Pour faire perdre à Napoléon une bataille, en 1806 et près de la ville d’Iéna, on a dû déplacer et mettre en ligne des milliers d’hommes et projeter dans l’air des masses considérables de divers métaux. Et on a néanmoins échoué. Mais transformons Napoléon en notion napoléon et livrons-le à un historien ou à un romancier. Ils arriveront sans nul doute, s’ils le veulent, à faire perdre au napoléon notionnel cette même bataille d’Iéna que le Napoléon vivant a gagné en 1806. Certes, le romancier devra faire un effort d’imagination et l’historien devra soutenir l’assaut de ses collègues ou même du public lettré dans son ensemble. Mais leurs efforts n’auront aucune commune mesure avec ceux qu’ont dû faire en 1806 à Iéna les adversaires du Napoléon vivant, sans pour autant réussir.
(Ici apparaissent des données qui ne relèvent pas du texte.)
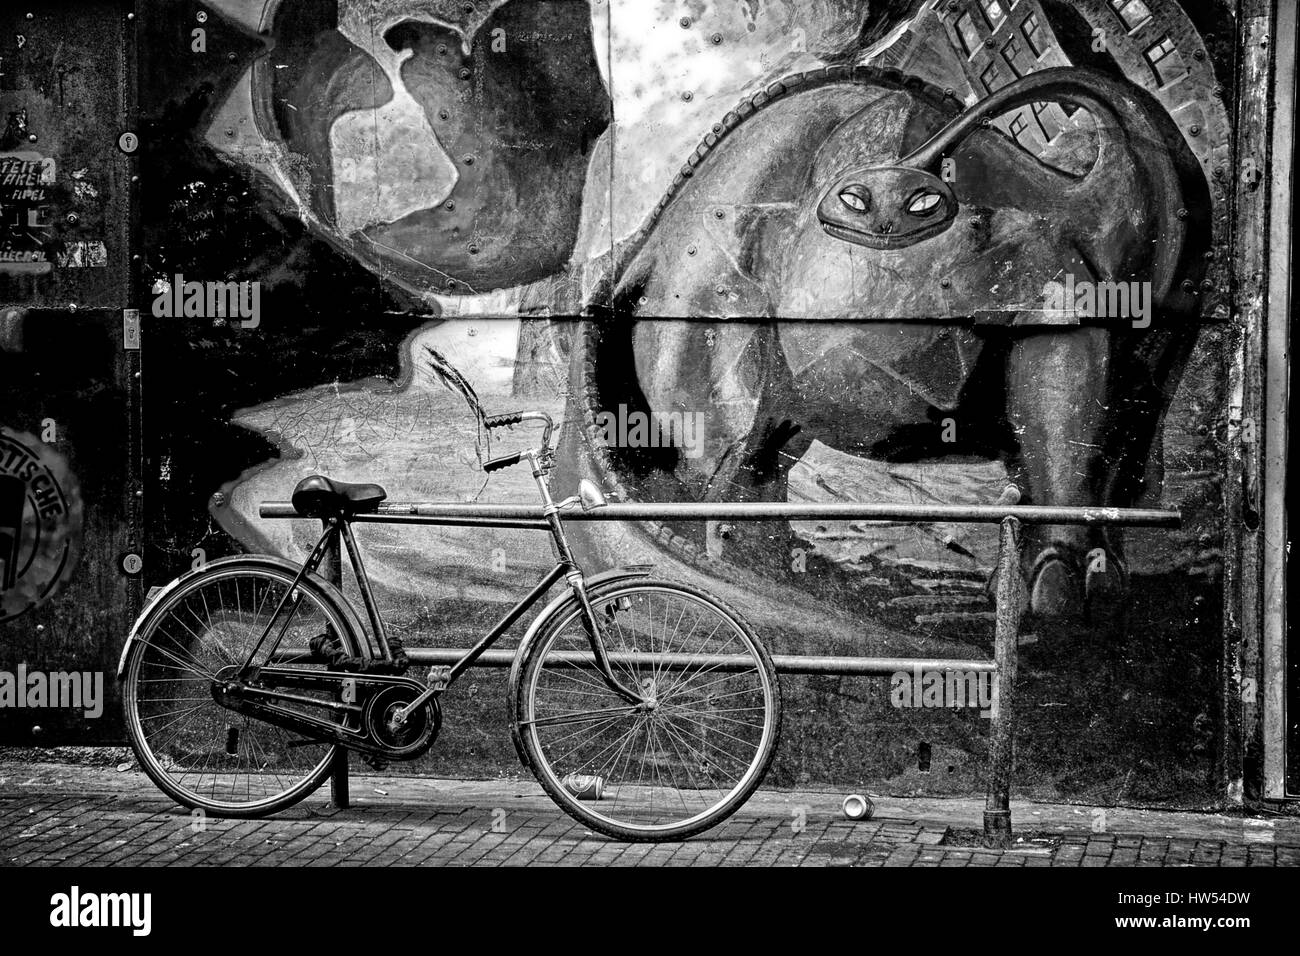 Graffiti illustrazione di un animale preistorico di apparire come la visualizzazione di una bicicletta parcheggiata in strada. Amsterdam, Paesi Bassi. Foto Stock

Le Concept, le Temps et le Discours.
Gallimard, « Bibliothèque de philosophie », 1990.
« Pour faire perdre à Napoléon une bataille, en 1806 et près de la ville d’Iéna, on a dû déplacer et mettre en ligne des milliers d’hommes et projeter dans l’air des masses considérables de divers métaux. Et on a néanmoins échoué » : ça pourrait sortir d’une chronique de Manchette !

Sur la vie, l’œuvre et le parcours étonnant de Kojève, depuis la Russie d’avant la Révolution jusqu’au rôle d’éminence grise de la diplomatie économique française, on lira avec intérêt le Philosophe du dimanche de Marco Filoni (Gallimard, Bibliothèque des idées, 2011), ainsi qu’Hommage à Alexandre Kojève. Actes de la Journée A. Kojève du 28 janvier 2003 (Bibliothèque nationale de France, 2007), disponible uniquement en édition numérique, qu’on peut télécharger ici. J’ai calé il y a quelques années dans la biographie de Dominique Auffret (Alexandre Kojève. La Philosophie, l’État, la fin de l’Histoire, Grasset, 1990, rééd. Livre de poche, 2002), très bien documentée mais d’un style souvent amphigourique.